Cider & Perry Orchard + Fruit Tree Maintenance + Cidery-In-Planning

Forager Cider & Perry Orchard


We are partnering with like minded landowners & friends on Lummi Island’s Sunny Hill to plant 1.15 acres of cider apples and perry pears to create a line of ciders & perries that showcase unique terroir of Western Washington. Our first trees went in the ground in January 2025 with the bulk of the prepwork happening in the spring of 2025 and the remaining trees being planting in fall of 2025. We will document the growth of the trees and the development of the cidery here as well as on Instagram!

At the Sunny Hill site there will be at least 30 varieties of pommes planted that have their own unique flavors, growing tendencies and quirks that we are excited to learn and deal with!
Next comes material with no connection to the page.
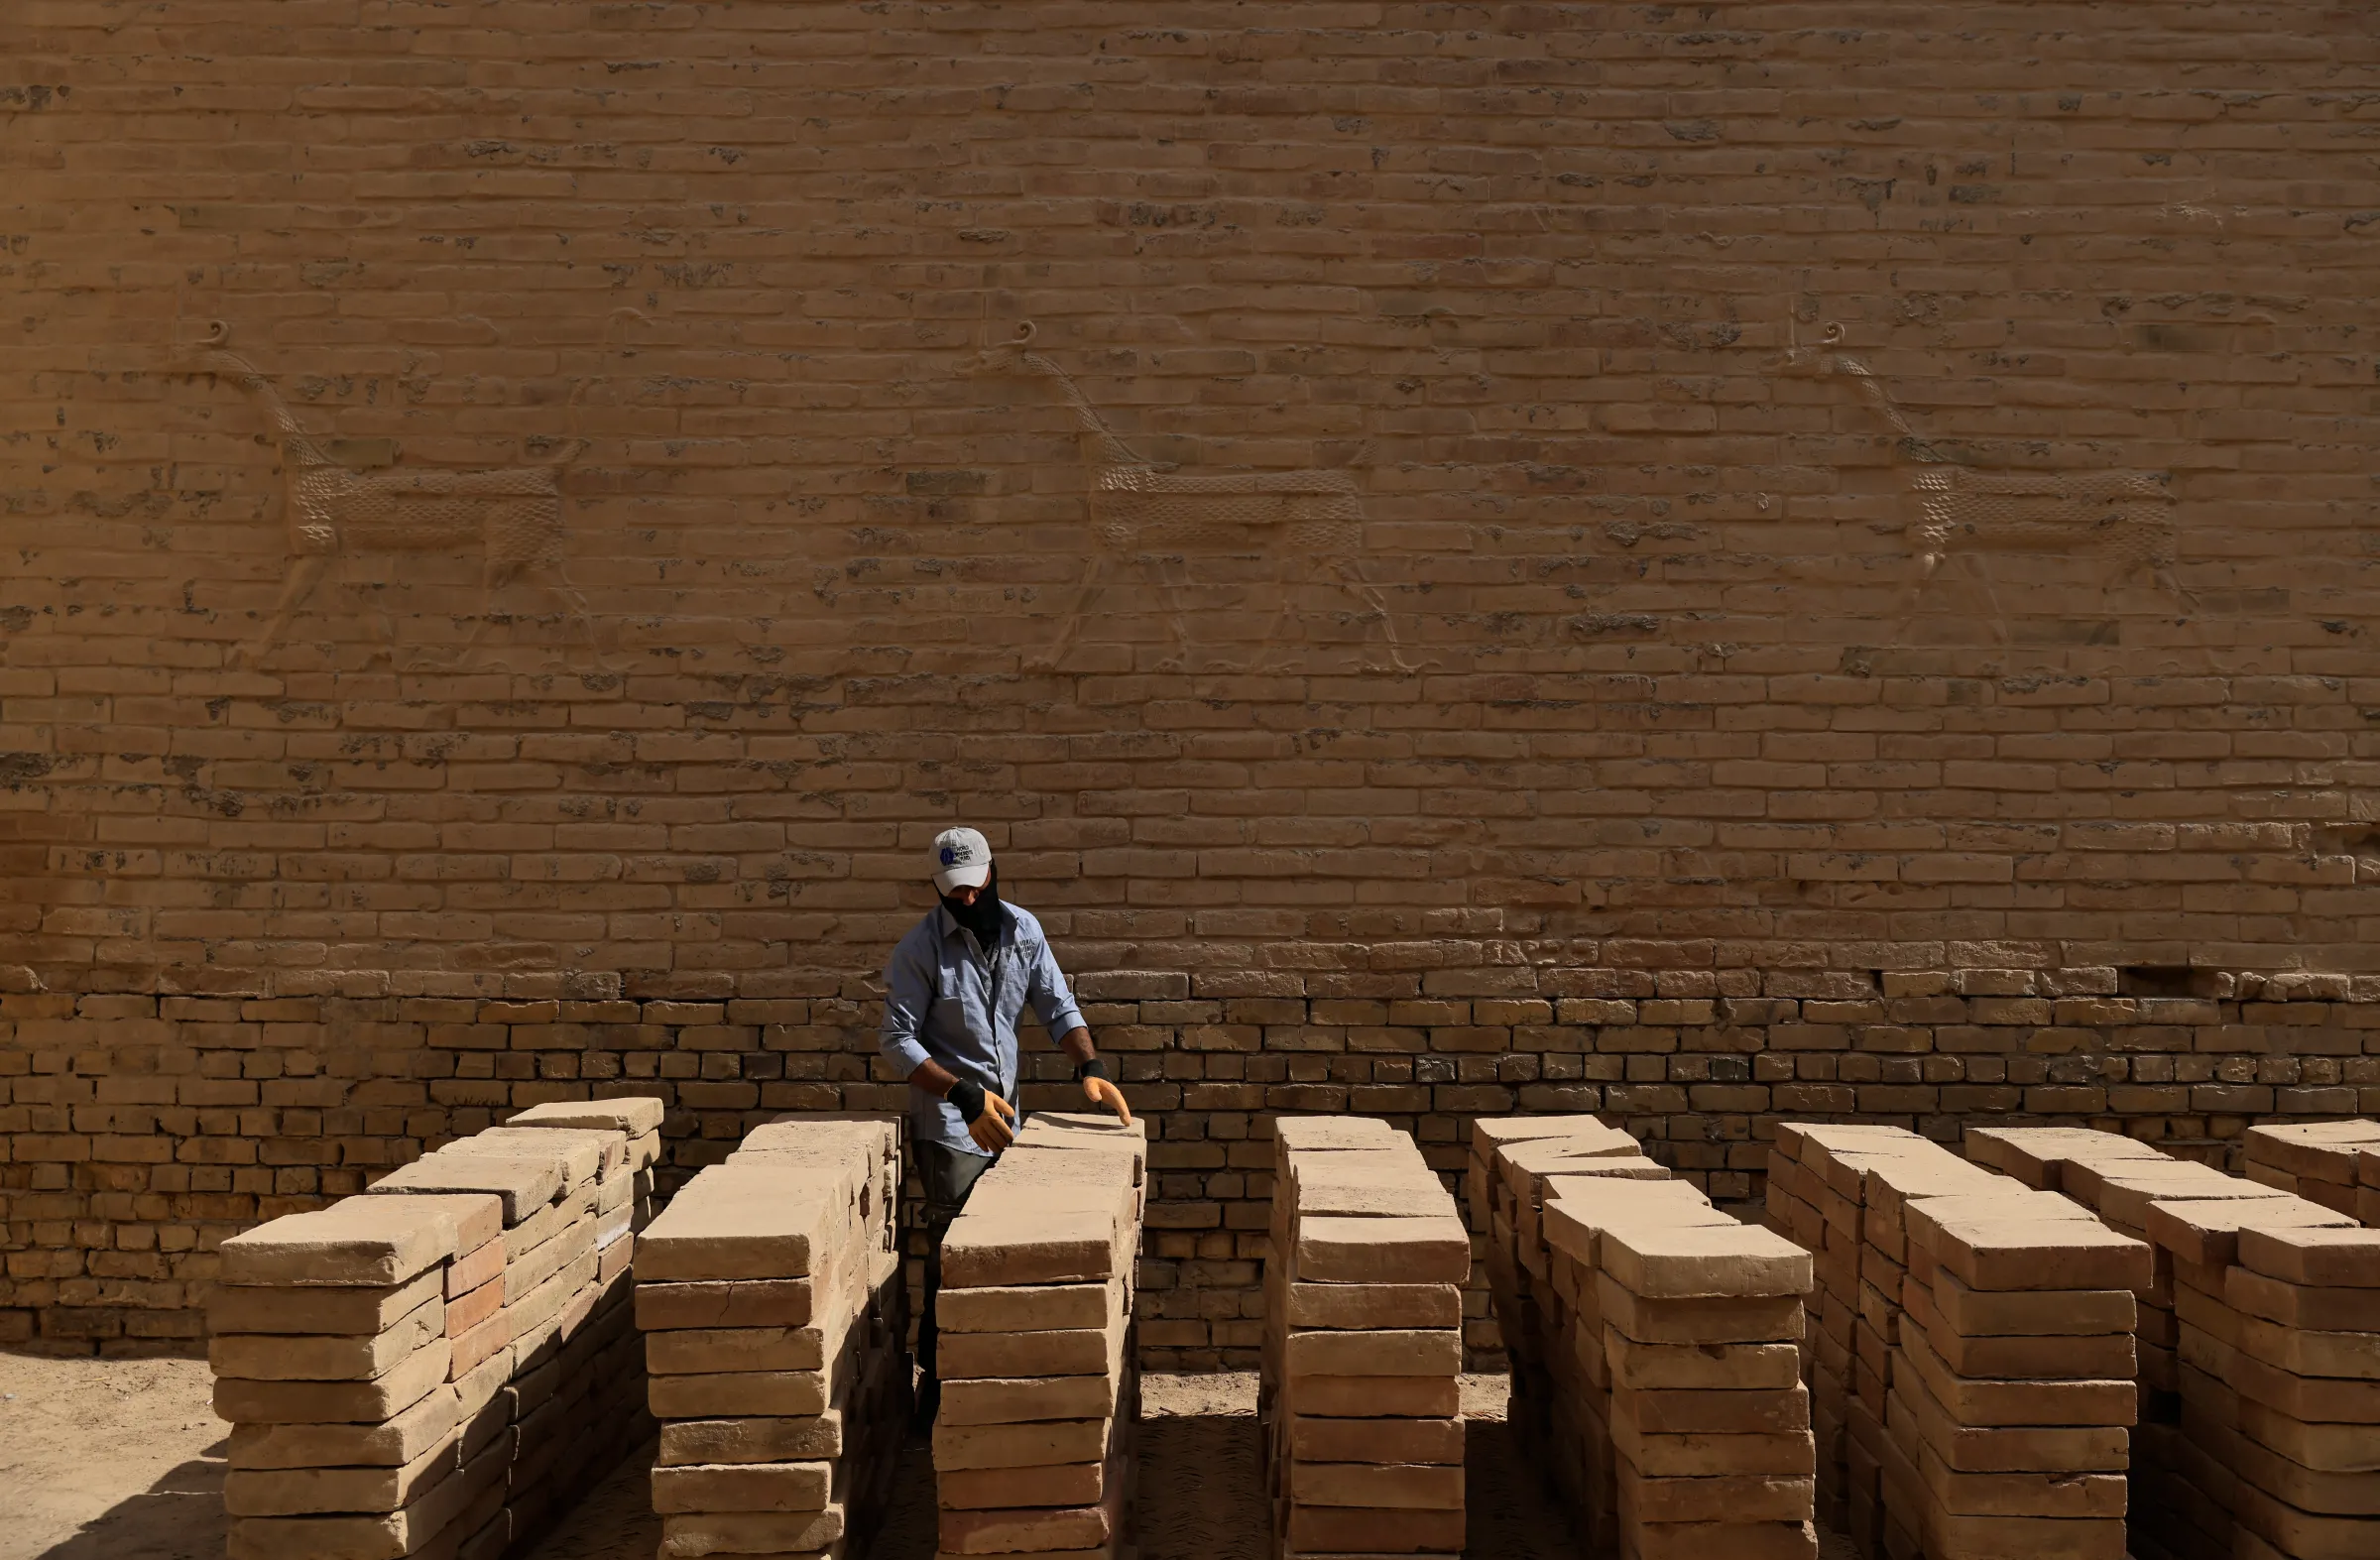 A worker from World Monument Fund sets out sun-crude bricks in the ancient city of Babylon, Iraq, October 13, 2022
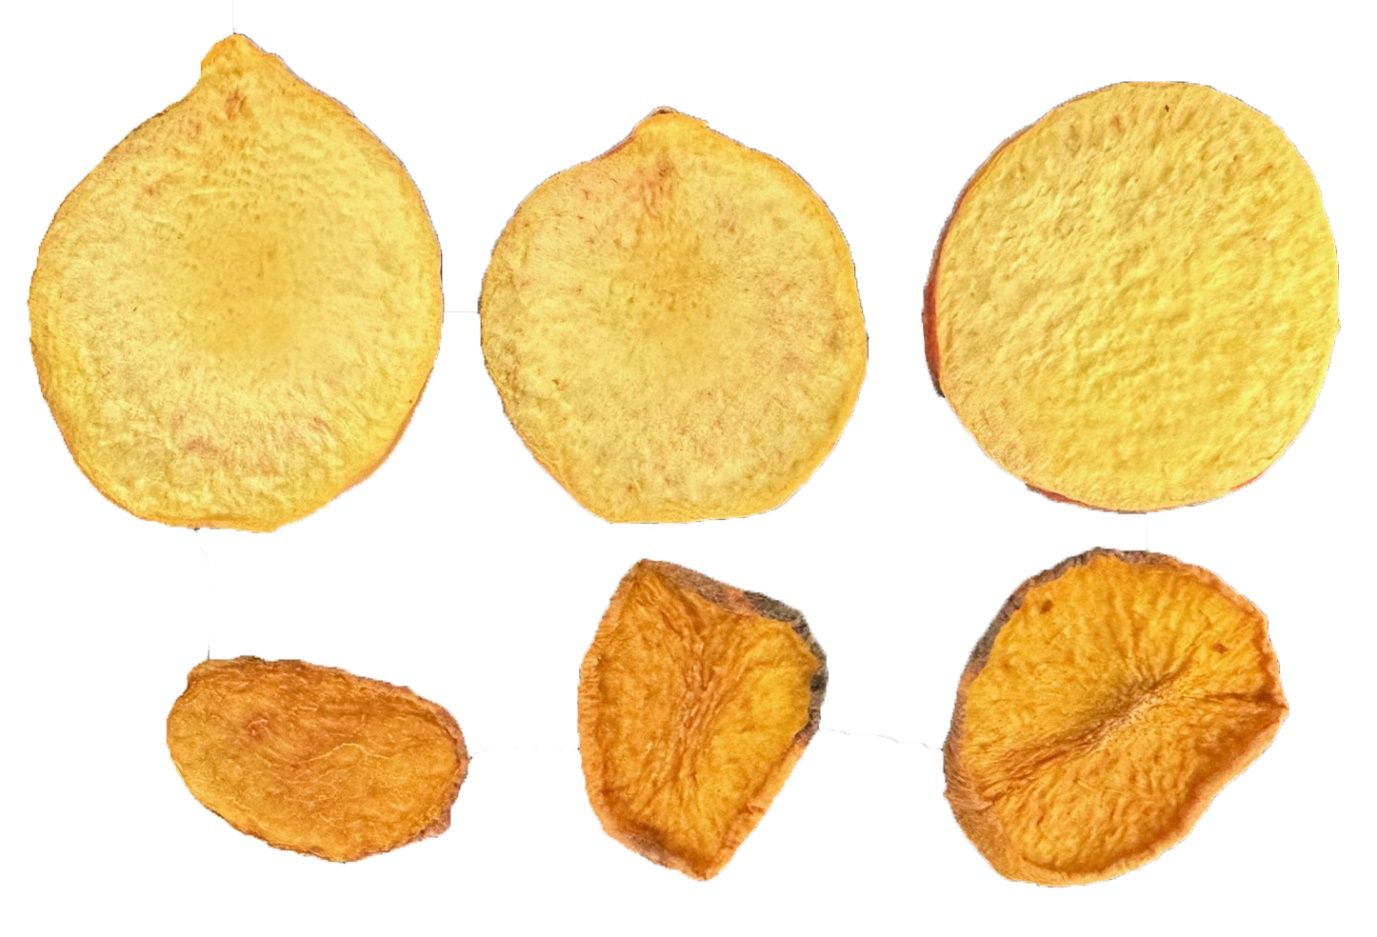 Differences in shape and shrinkage between freeze-dried (top) and dehydrated (bottom) ‘UFOne’ peach slices.

Apples are separated into 4 groups and below are some apples that we will be growing from each group:

Sweet (Low acid, Low Tannin) - Golden Pippen, Claygate Pearmain, Grimes Golden & more!

Sharp (High Acid, Low Tannin) - Golden Russet, Dolgo, Hewes Virginia Crab, Goldrush, Liberty, Razor Russet, Egremont Russet, Transcendant Crab, Harrison & more!

Bittersweet (Low Acid, High Tannin) - Binet Blanc, Medaille D’or, Dabinett, Bulmers Norman, Dymock Red & more!

Bittersharp (High Acid, High Tannin) - Reinette Zabergau, Porter Perfection, Golden Hornet, Redfield, Puget Spice, Wickson & more!

Some of the pear varieties we will plant:

-Bosc, Brandy, Hendre Huffcap, Gin, Conference, Winnals Longdon, Seckal & more!

(Image Right) Harrison Apple tree on M111 rootstock freshly planted in its forever home

Orchard Services

Cider & Perry

Judging & Evaluation

(Left) -2022 Bellewood Ciderfest in Bellingham, Washington

(Above)- 2023 NW Cider Cup in Portland, Oregon

MALUS FUSCA + WILD APPLES

Our native apple Malus fusca has many names: Pacific, Swamp or Western Crabapple, even the largest fruit are the size of a fingernail. They contain loads of sugar and even more acid. They can be difficult to harvest due to the tree’s lanky growth and the birds eagerness to pick them off before they are ripe. They are great additions to cider and excellent wildlife plants that can grow in fully inundated soils as well as high and dry exposed sites.

The desire for wild fruit is growing. It offers us information on how to manage our orchards more naturally with less resources and intervention. Wild fruit comes from wild trees which experience our full environmental conditions without the luxury of irrigation in the summer, drained fields in the winter, shade nets on the hot days and pest management strategies when there’s an infestation. this exposure to the elements is how nature conducts research and the strong and resilient trees overcome the elements to create unique fruit. Collecting the seeds from this fruit can create more resilient, environmentally adapted trees in the future. Using regionally adapted species can limit the resources needed to produce these locally made products and can lessen the need for intensive and possibly detrimental land management methods.